[How to complete this task]: Write out the full listing exactly as given, minus the images.
━━━━━ Supplied data ━━━━━
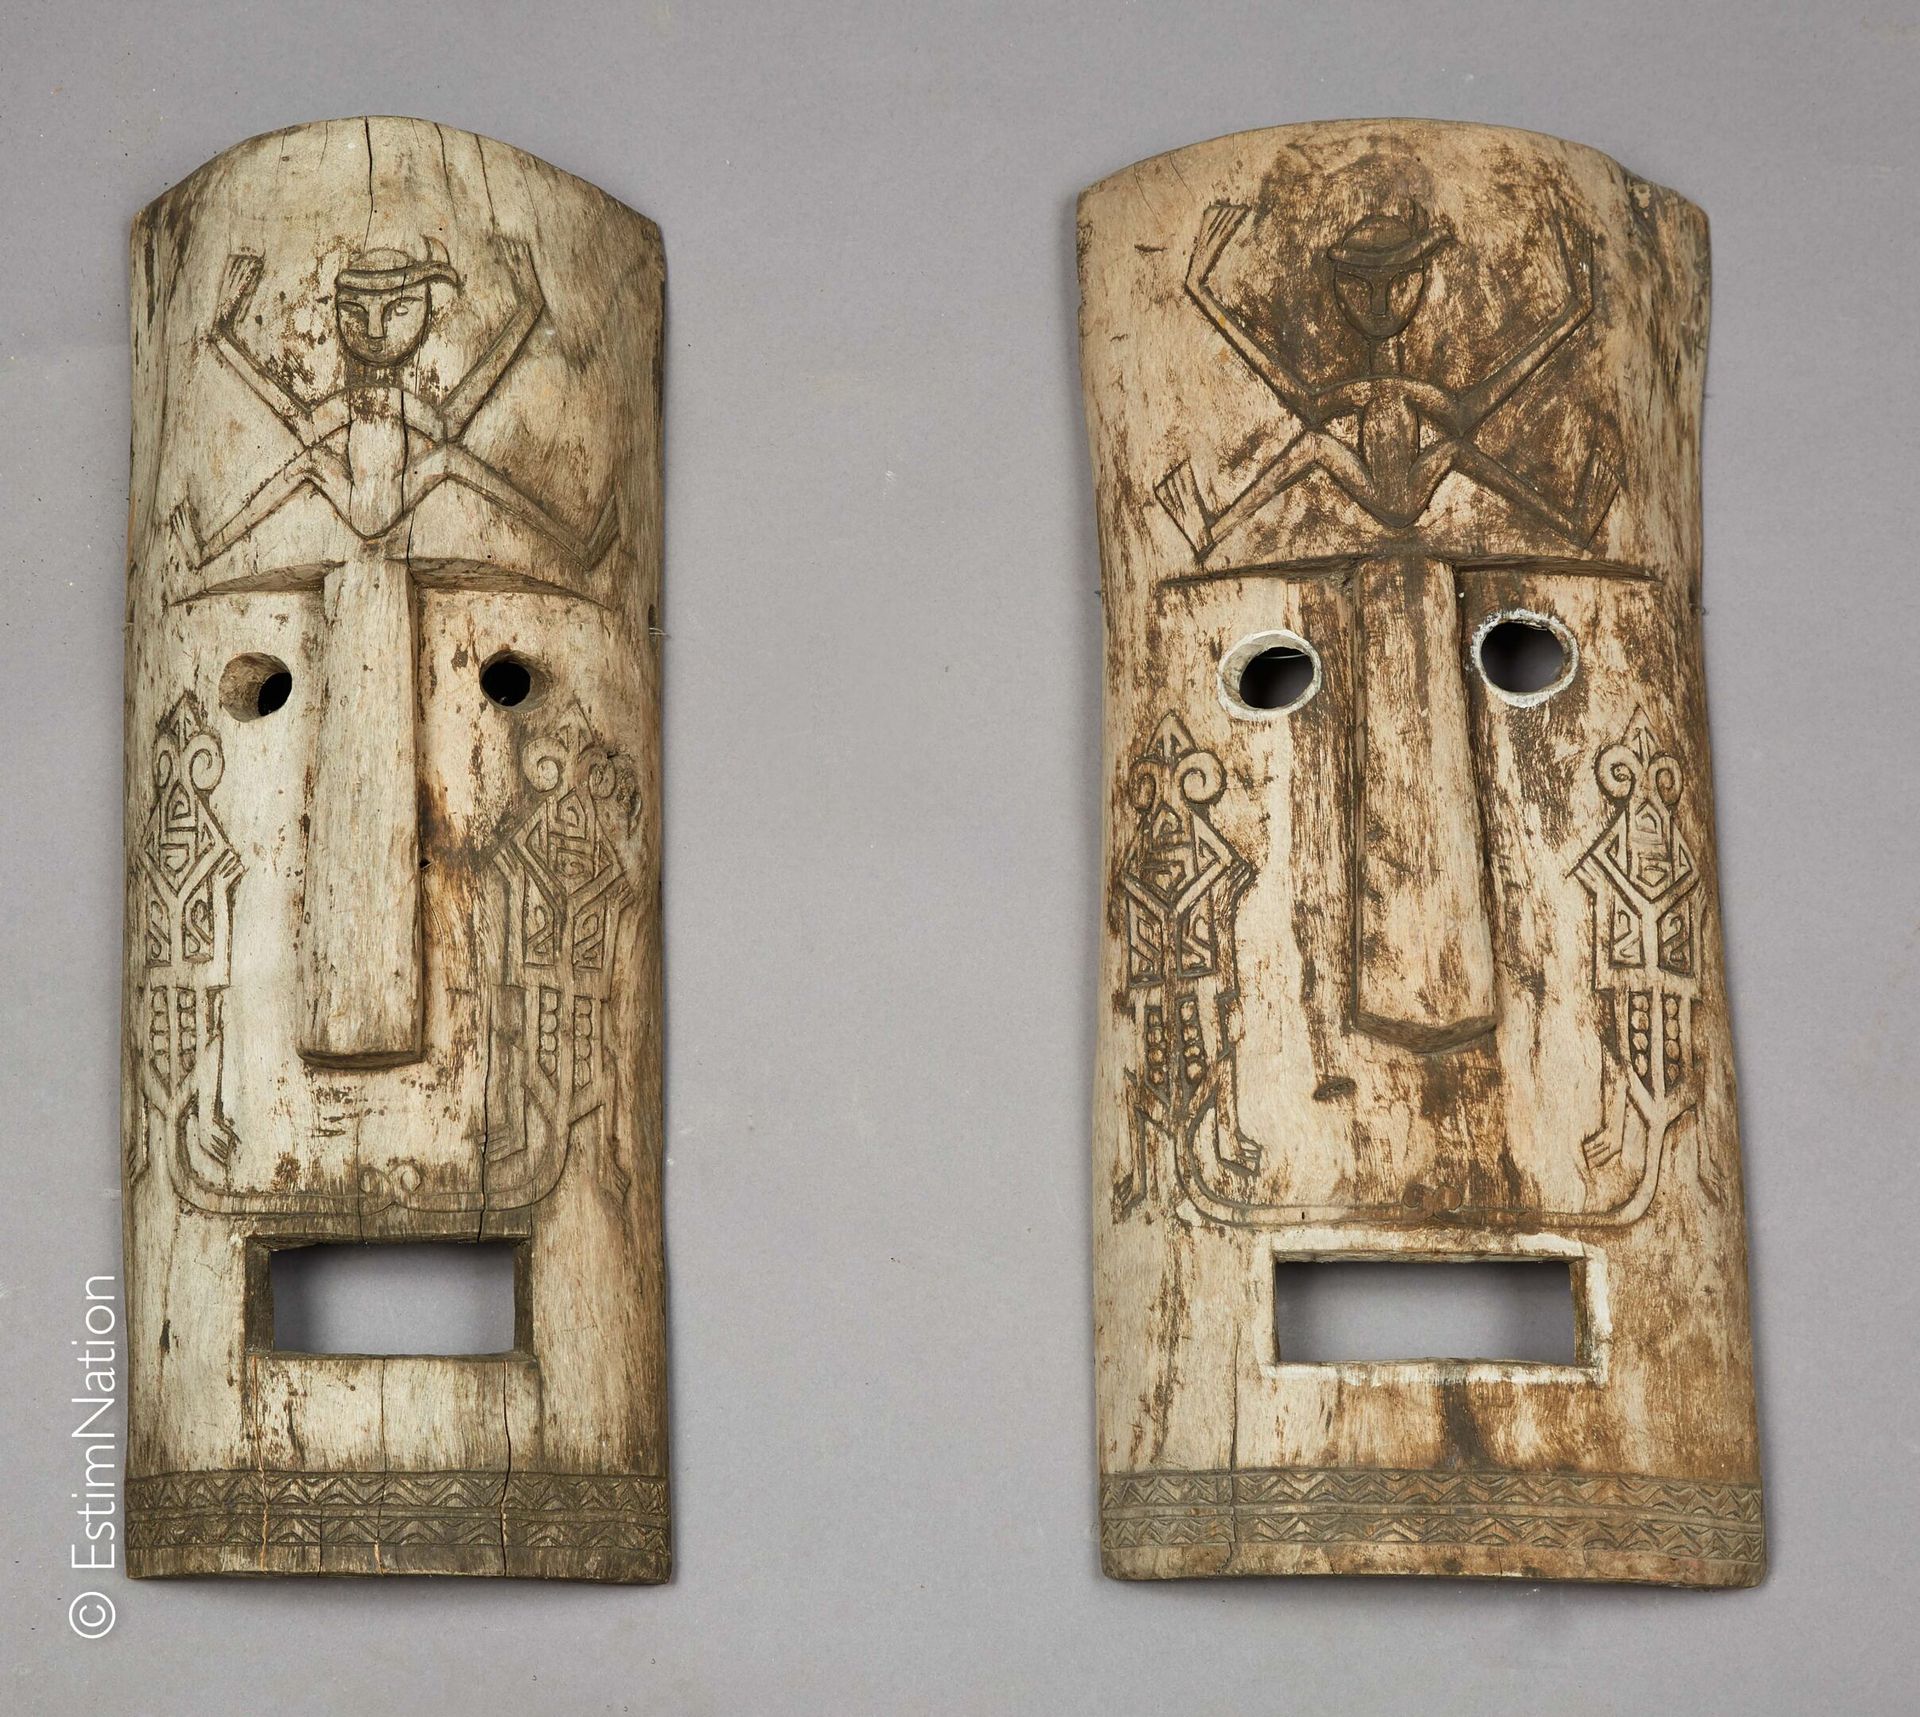 SUMATRA SUMATRA



Ein Paar Masken aus geschnitztem und patiniertem Holz, die fr&hellip;
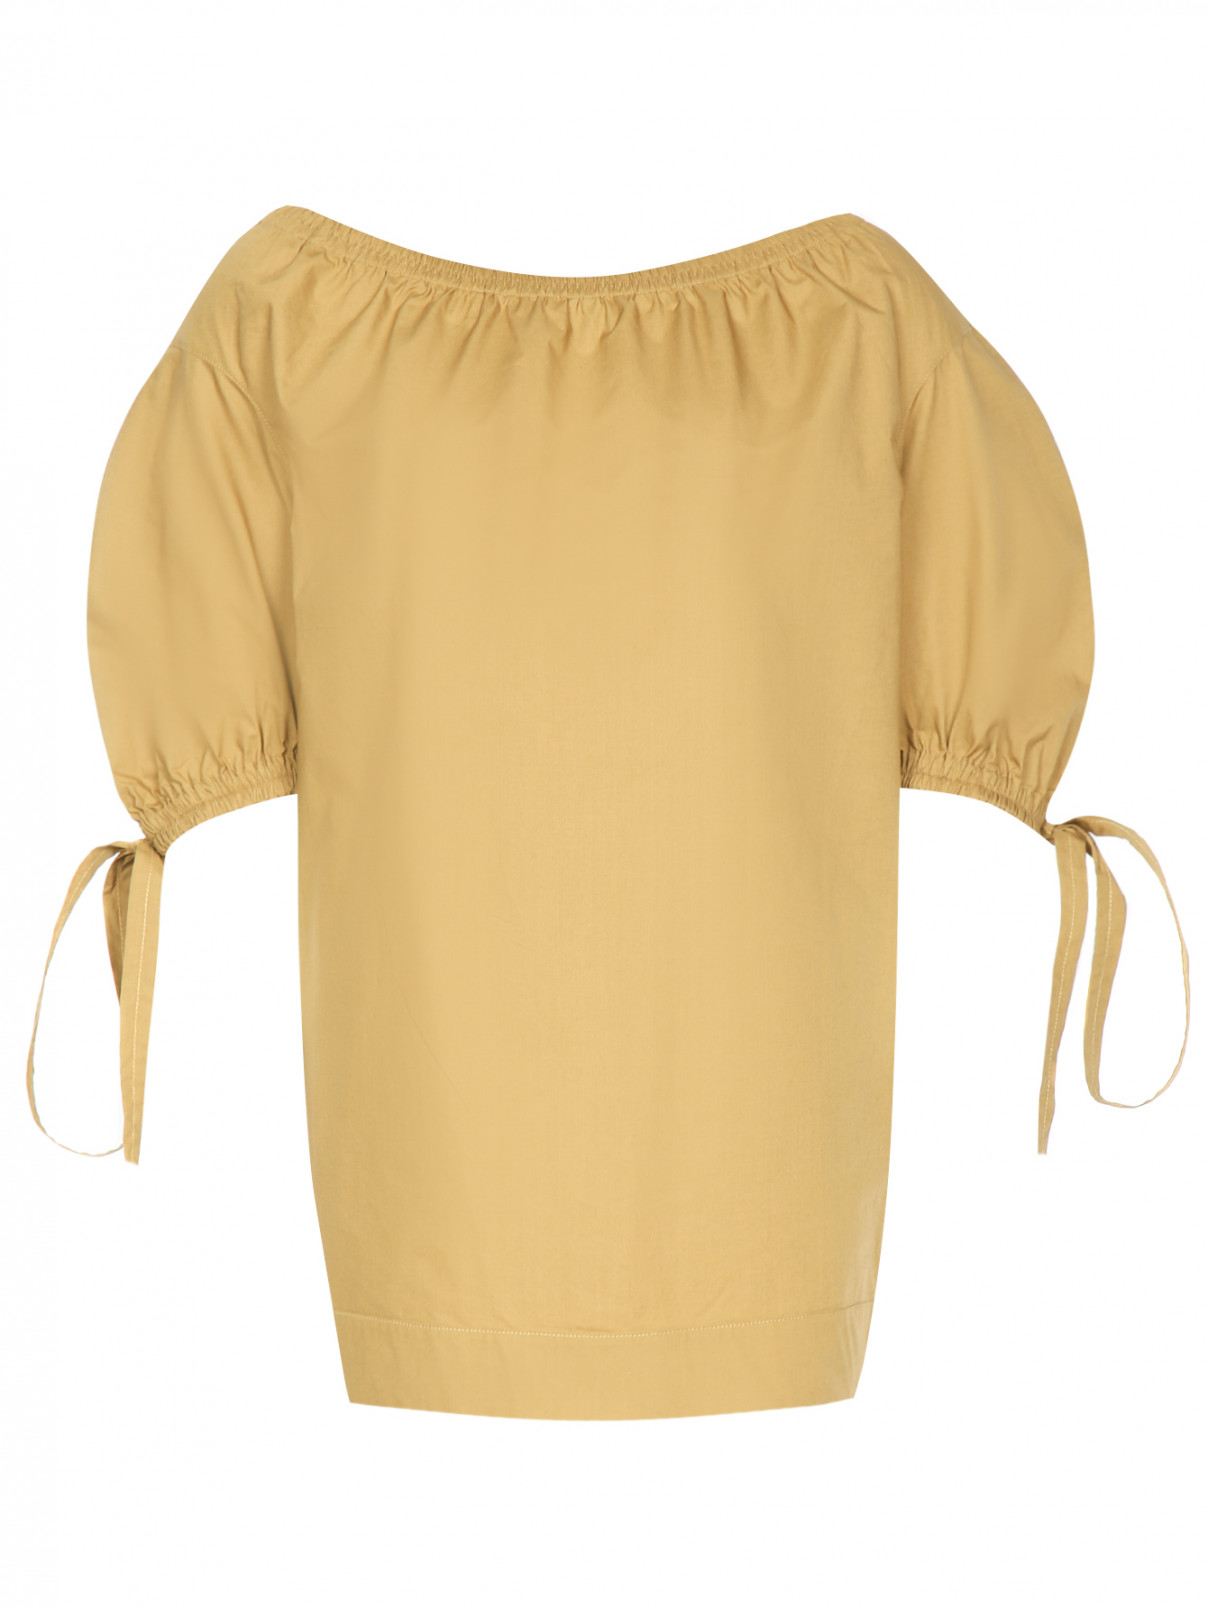 Удлиненная блуза из хлопка с короткими рукавами Sonia Rykiel  –  Общий вид  – Цвет:  Зеленый
━━━━━
[Answer space]:
 SUMATRA SUMATRA



Ein Paar Masken aus geschnitztem und patiniertem Holz, die fr&hellip;
 Удлиненная блуза из хлопка с короткими рукавами Sonia Rykiel  –  Общий вид  – Цвет:  Зеленый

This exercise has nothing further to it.